Exercise data

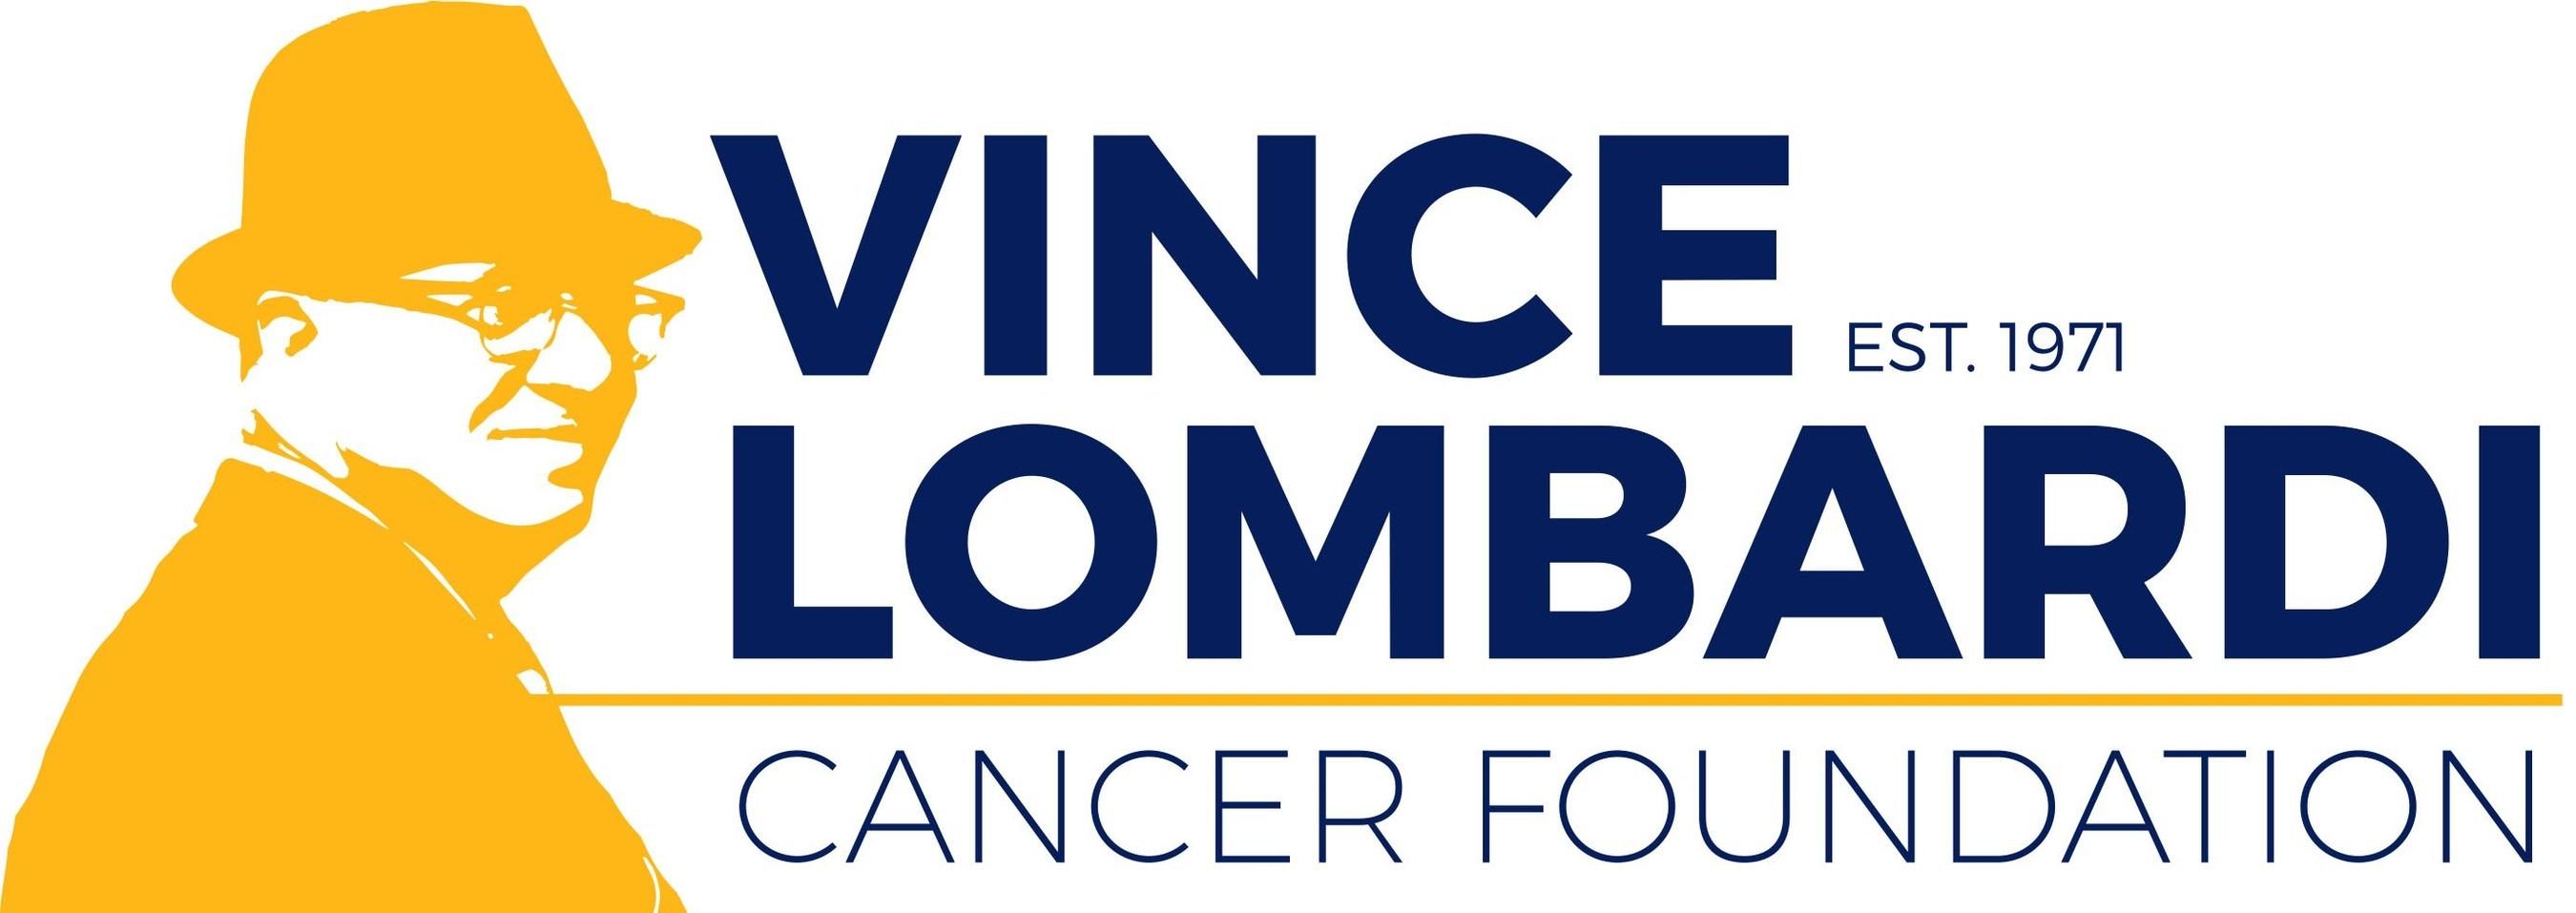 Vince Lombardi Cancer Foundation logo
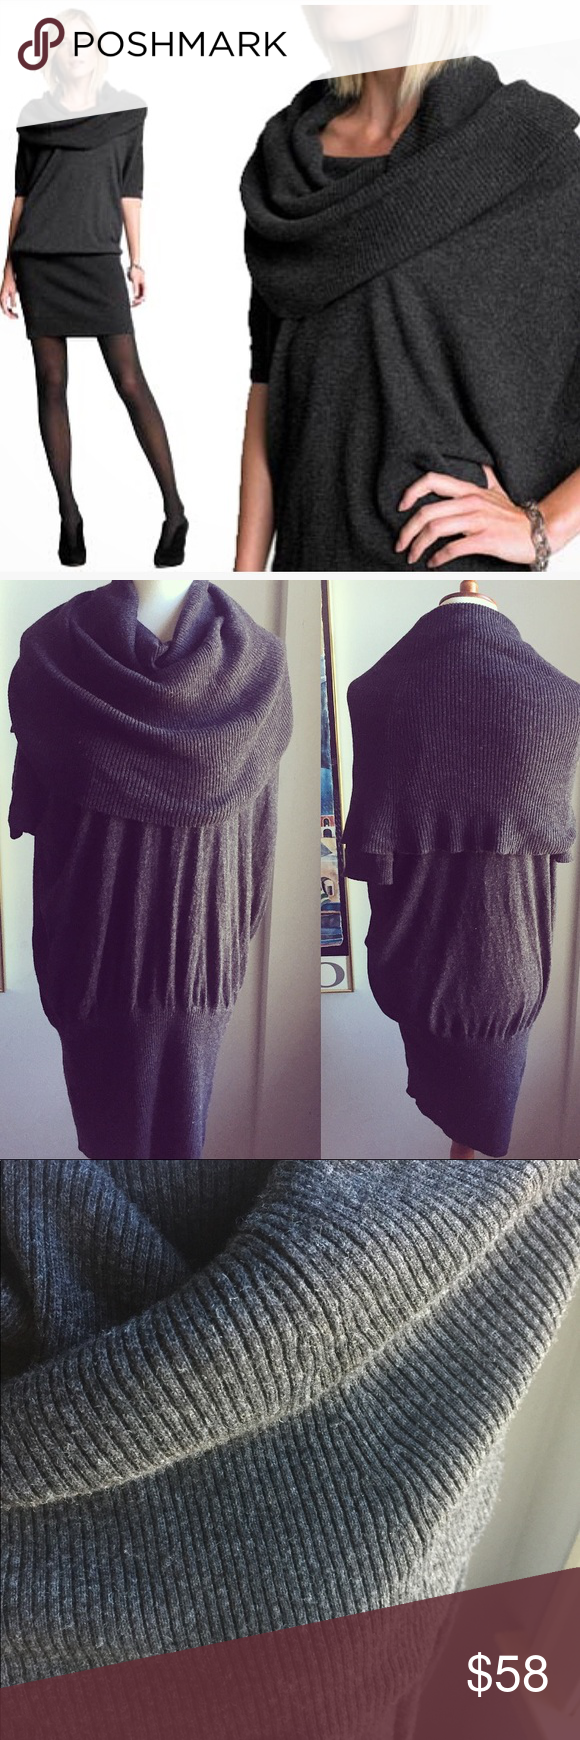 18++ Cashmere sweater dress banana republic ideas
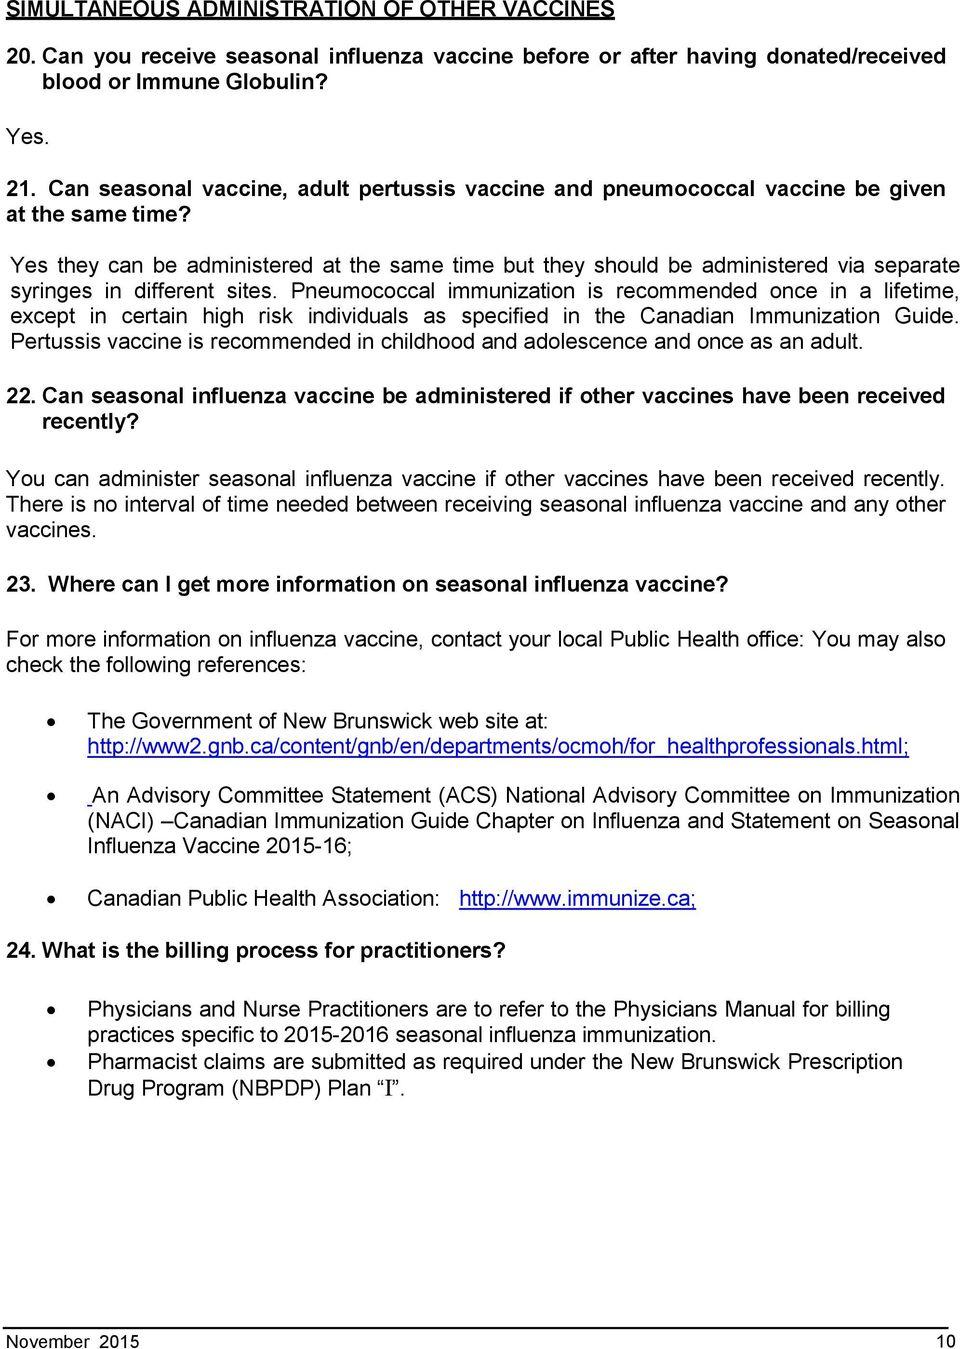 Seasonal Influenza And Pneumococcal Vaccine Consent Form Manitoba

What to produce
Please retype the whole listing above exactly, without any of its images.

Written response
 Vince Lombardi Cancer Foundation logo
 18++ Cashmere sweater dress banana republic ideas
 Seasonal Influenza And Pneumococcal Vaccine Consent Form Manitoba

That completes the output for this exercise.